The Family Origin of the Math Gender Gap is a White Affluent Phenomenon

  • Dossi, Figlio, Giuliano and Sapienza
  • NBER working paper, 2020
  • A version of this paper can be found here
  • Want to read our summaries of academic finance papers? Check out our Academic Research Insight category

What are the Research Questions?

In chapter 11 of our book, we tackle the difficult question, “Where are the Women in Finance?” There are some clues from social research that paints a picture of women as a group disinterested, by nature or nurture, to enter competitive situations. In addition to this, there exists a documented gender gap in math that helps to explain the underrepresentation. The authors of the paper delve deeper into the latter and ask the following research questions:

  1. Does the gender gap in mathematics vary by race?
  2. Does the gender gap in mathematics vary by socio-economic status?

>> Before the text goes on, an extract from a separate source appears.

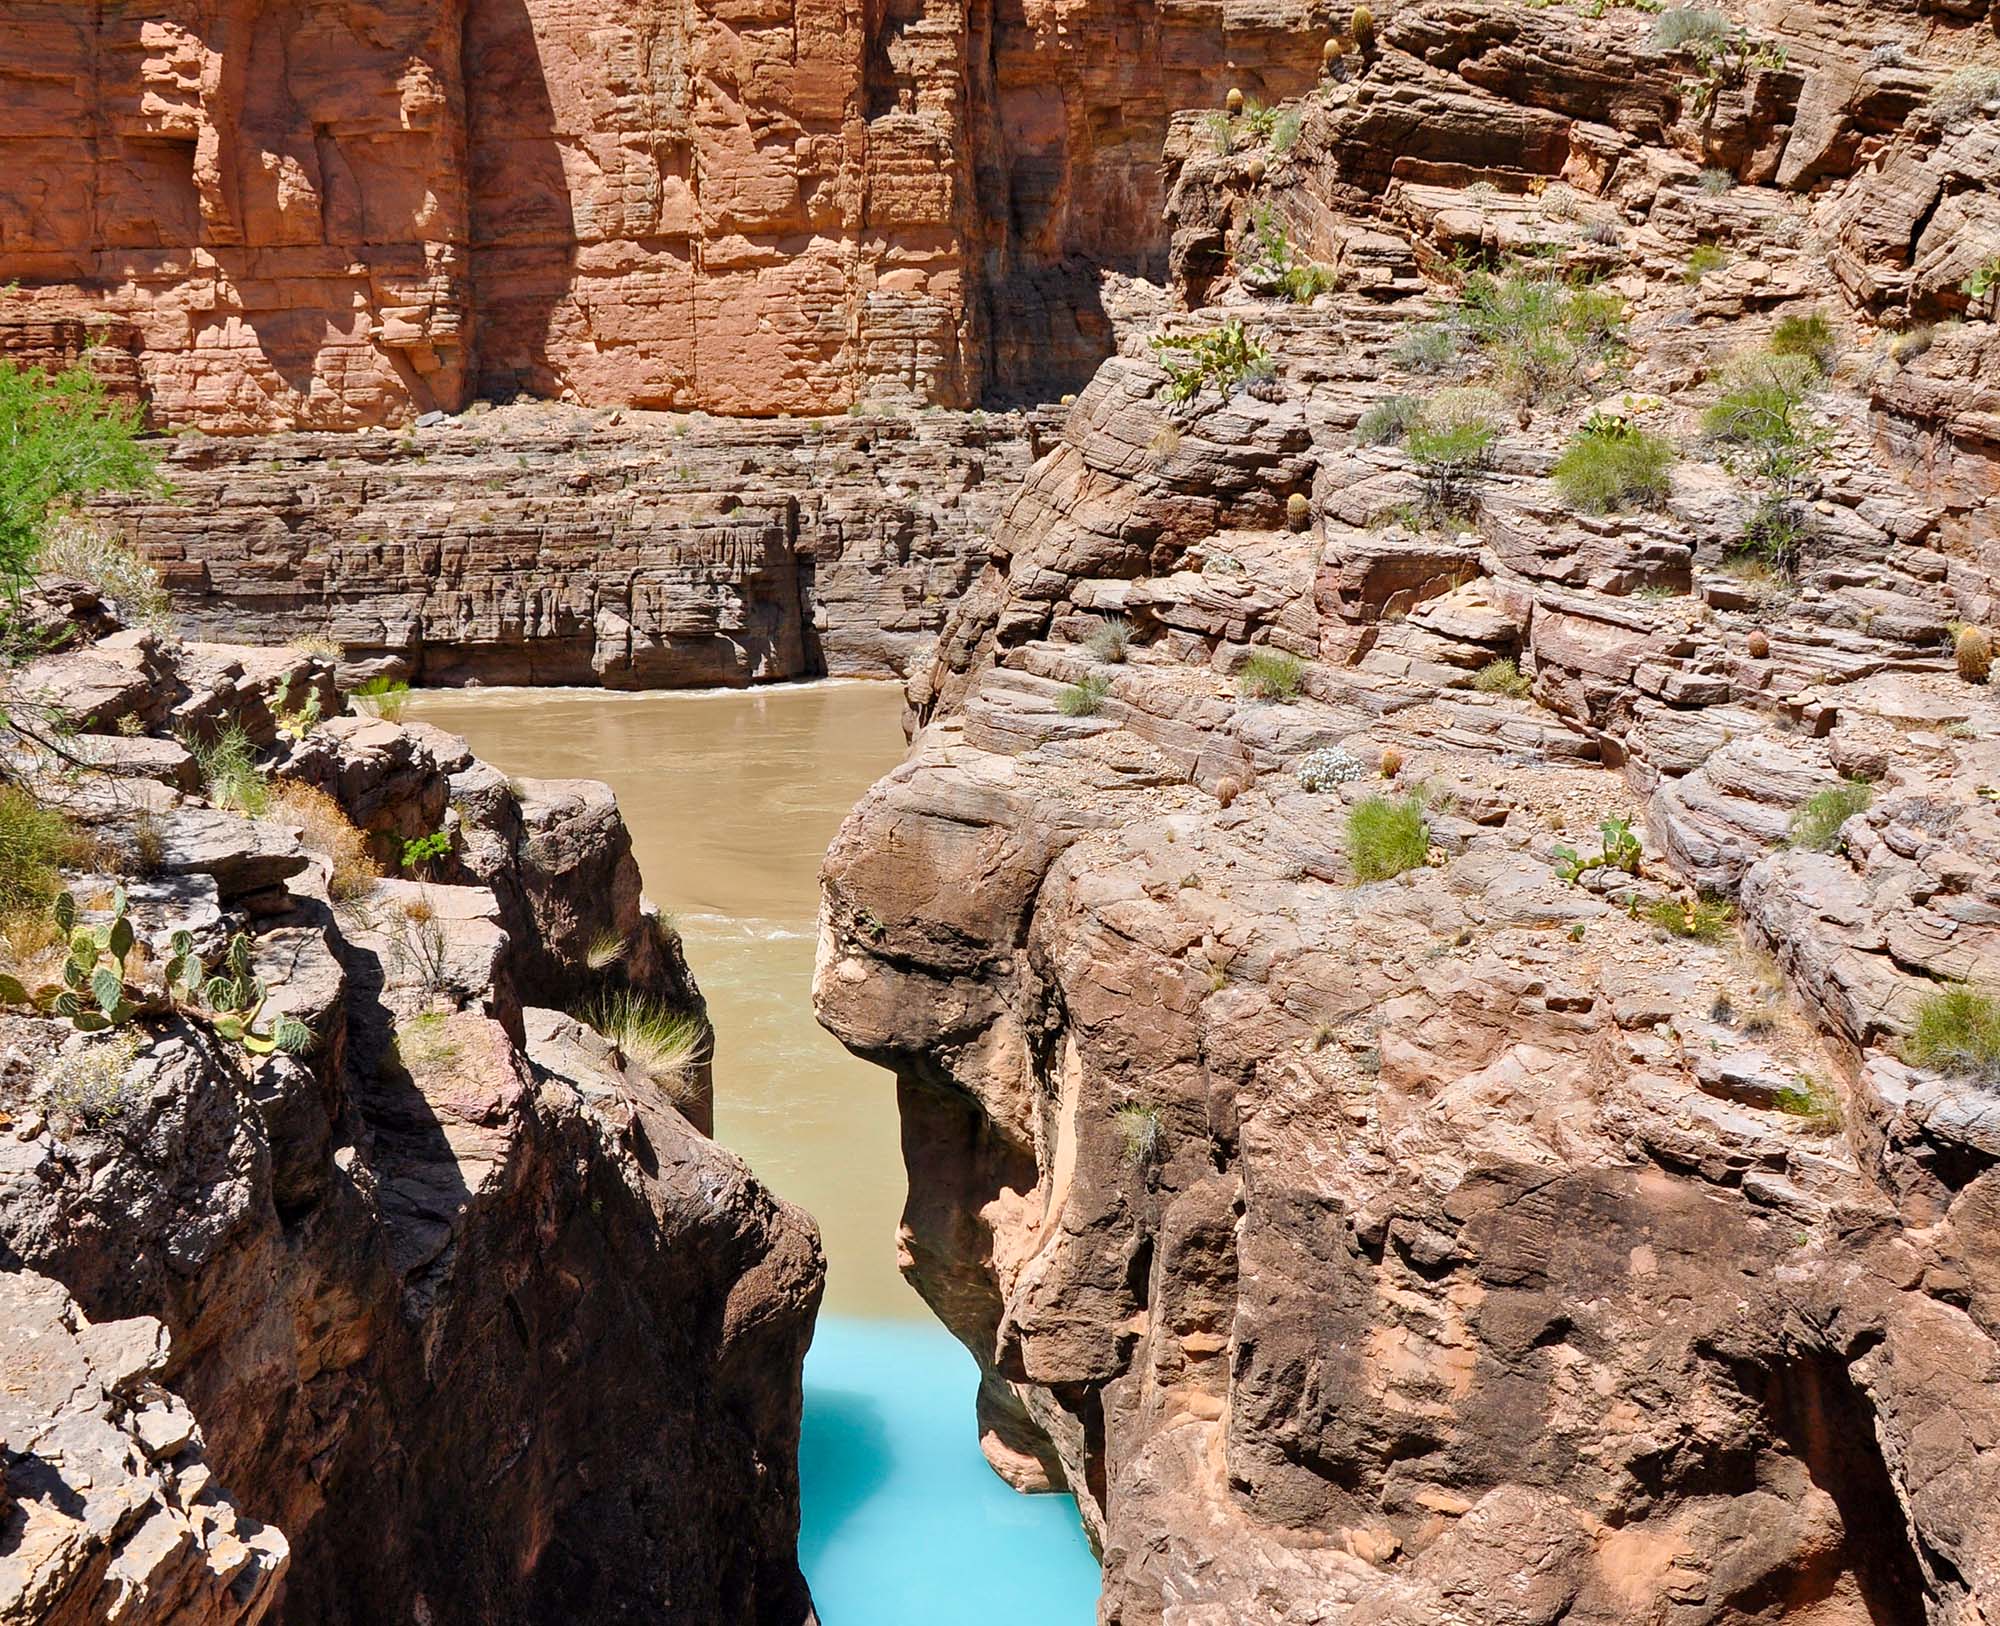 turquoise blue waters of a creek meet brown river water beneath sheer canyon walls.

What are the Academic Insights?

By using a large dataset combining information from the Florida Department of Education and individual-level information coming from the Florida Bureau of Vital Statistics birth certificates, the authors find that:

1. YES- the math gender gap varies by race and socioeconomic status. Specifically, girls perform worse than boys in mathematics in a regression including grade, year, school fixed effects, and a large set of individual controls. Additionally, the gender gap is pronounced among white girls and finally, a different picture appears when we investigate the sample of black girls, who, instead, perform better than boys.

2. YES- When looking among the socio-economic status (identified by the researchers based on two measures: eligibility for free or reduced-price lunch and maternal education), the math gender gap is predominant in white affluent families while differences are not present among girls belonging to black families.

Why does it matter?

This paper adds to the literature and provides evidence of important heterogeneity in the transmission of gender biases within the family. Interestingly enough, the spread in math scores between girls and boys differs by race. White girls score lower than white boys, but black girls actually score higher than black boys.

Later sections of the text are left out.